What has already been repaired?

Most of you know, I had open-heart surgery at the age of 2 (1980) at Children's Hospital in Detroit. At that point, they did a "complete repair" which involved:

1. Closing the ventricular septal defect with a patch.
2. Removing some thickened muscle below the pulmonary valve.
3. Repairing or removing the pulmonary valve.
4. Enlarging the peripheral pulmonary arteries that go to both lungs.

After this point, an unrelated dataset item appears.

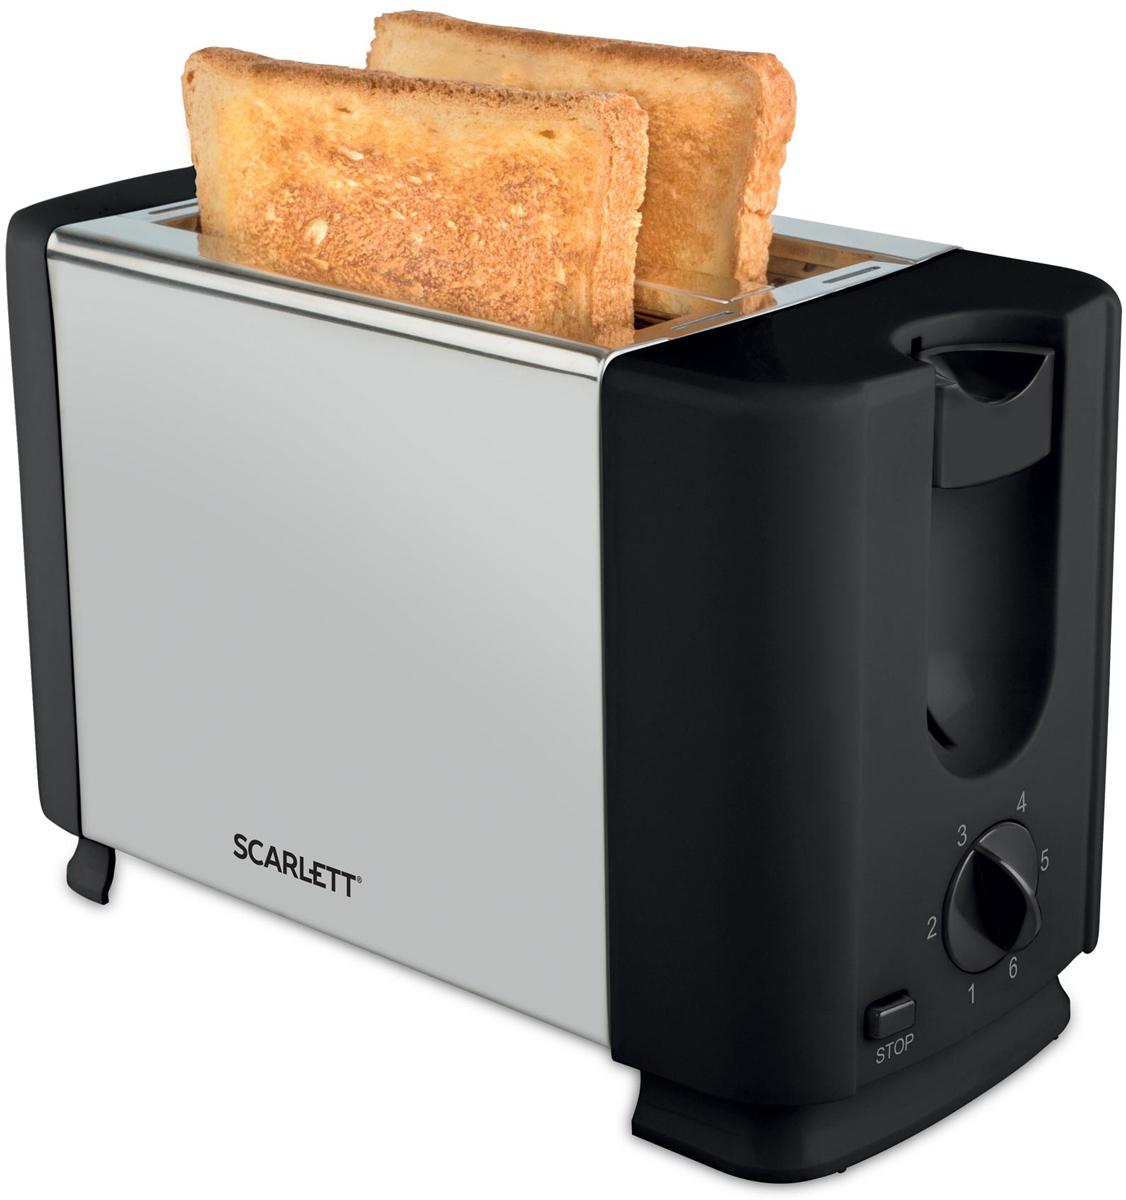 Scarlett SC-TM11012, Steel тостерSC-TM11012Scarlett SC-TM11012 - это устройство, при помощи которого вы сможете готовить поджаренные и ароматные тосты. Прибор имеет 6 степеней прожарки, а также регулятор степени поджаривания и кнопку отмены. Тостер отличается надежностью и простотой в использовании, что обеспечивается наличием съемного поддона для крошек и отсека для хранения шнура.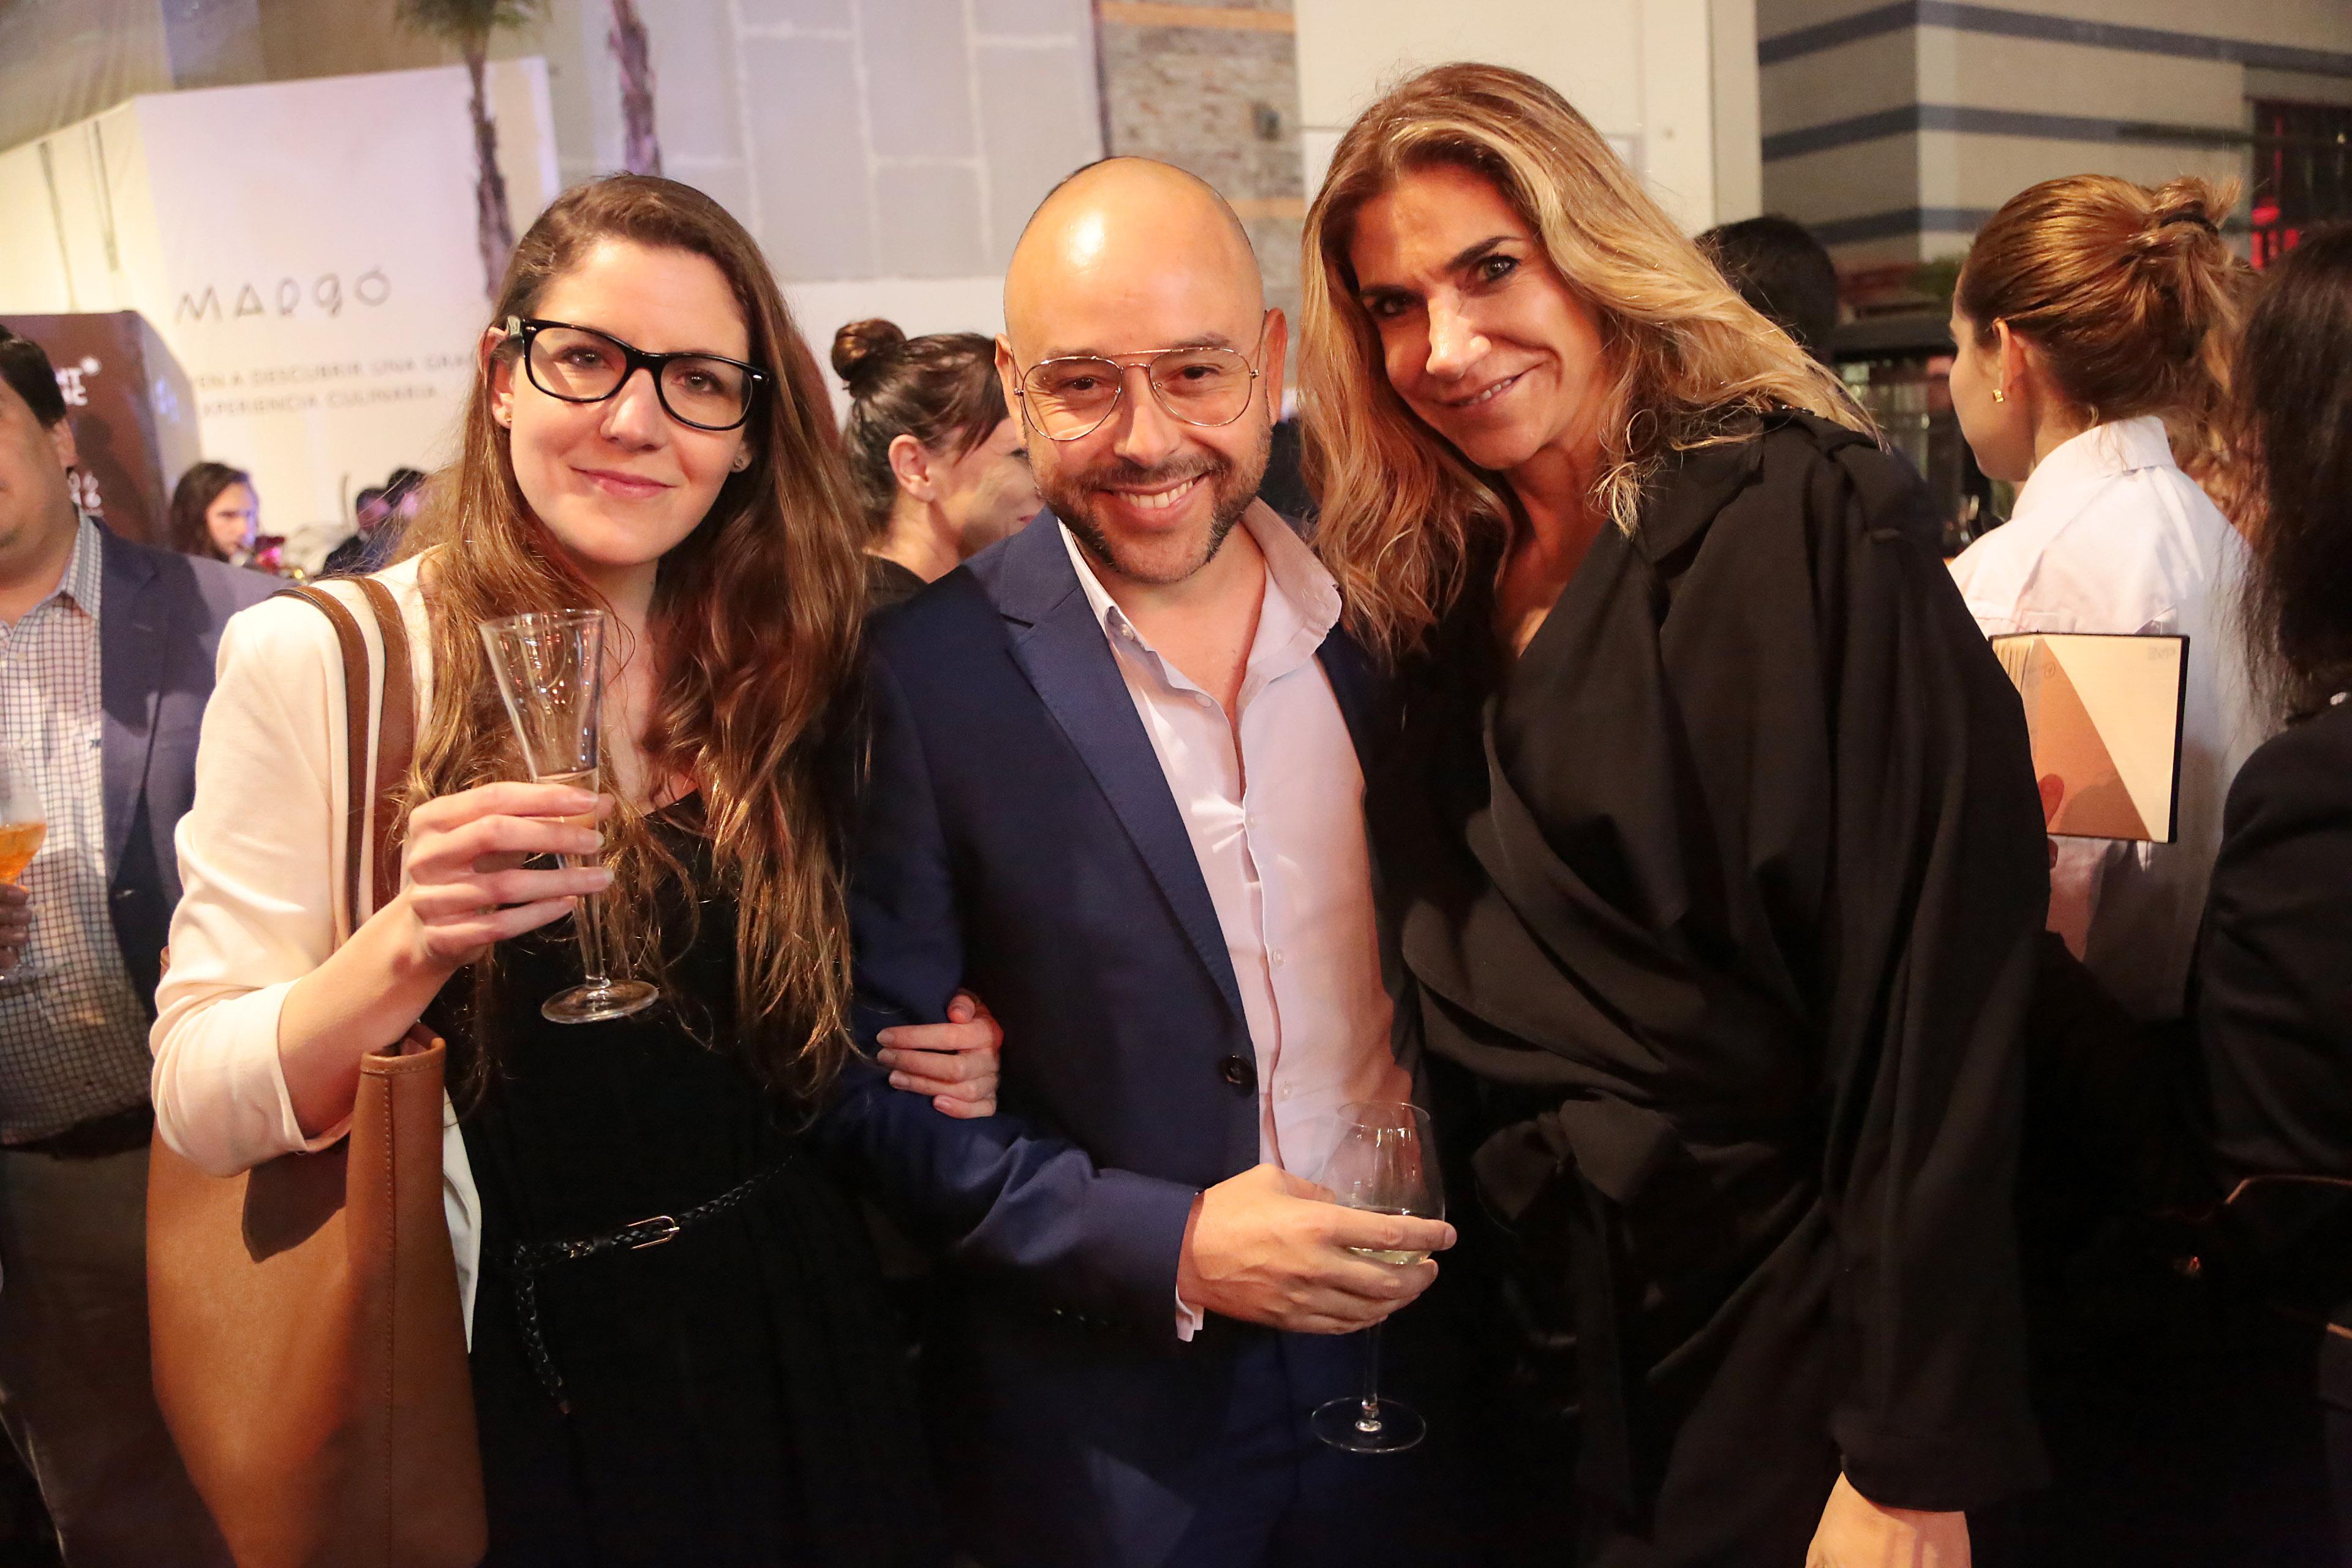 Macarena Toro, Max Gallegos y Vesna Bocic.

What is Tetralogy of Fallot?

Primary four malformations

As classically described, tetralogy of Fallot involves four heart malformations which present together:

1. A ventricular septal defect (VSD): a hole between the two bottom chambers (ventricles) of the heart. The defect is centered around the 'outlet septum', the most superior aspect of the septum, and in the majority of cases is single and large. In some cases septal hypertrophy can narrow the margins of the defect.
2. Pulmonic stenosis: Right ventricular outflow tract obstruction, a narrowing at (valvular stenosis) or just below (infundibular stenosis) the pulmonary valve. The stenosis is mostly the result of hypertrophy of the septoparietal trabeculae, however the deviated outlet septum is believed to play a role. The stenosis is the major cause of the malformations, with the other associated malformations acting as compensatory mechanisms to the pulmonic stenosis. The degree of stenosis varies between individuals with TOF, and is the primary determinant of symptoms and severity. This malformation is infrequently described as sub-pulmonary stenosis or subpulmonary obstruction.
3. Overriding aorta: defined as when the aortic valve is not restricted to the left ventricle, thus having biventricular connections. The aortic root can be moved anteriorly or override the septal defect, but it is still to the right of the root of the pulmonary artery. The degree of override is quite variable, being between 5-95% of the valve being connected to the right ventricle.
4. Right ventricular hypertrophy: The right ventricle is more muscular than normal, causing a characteristic coeur-en-sabot (boot-shaped) appearance as seen by chest X-ray. Due to the misarrangement of the external ventricular septum, the right ventricular wall increase in size to deal with the increased obstruction to the right outflow tract. This feature is now generally agreed to be a secondary anomaly, as the level of hypertrophy generally increases with age.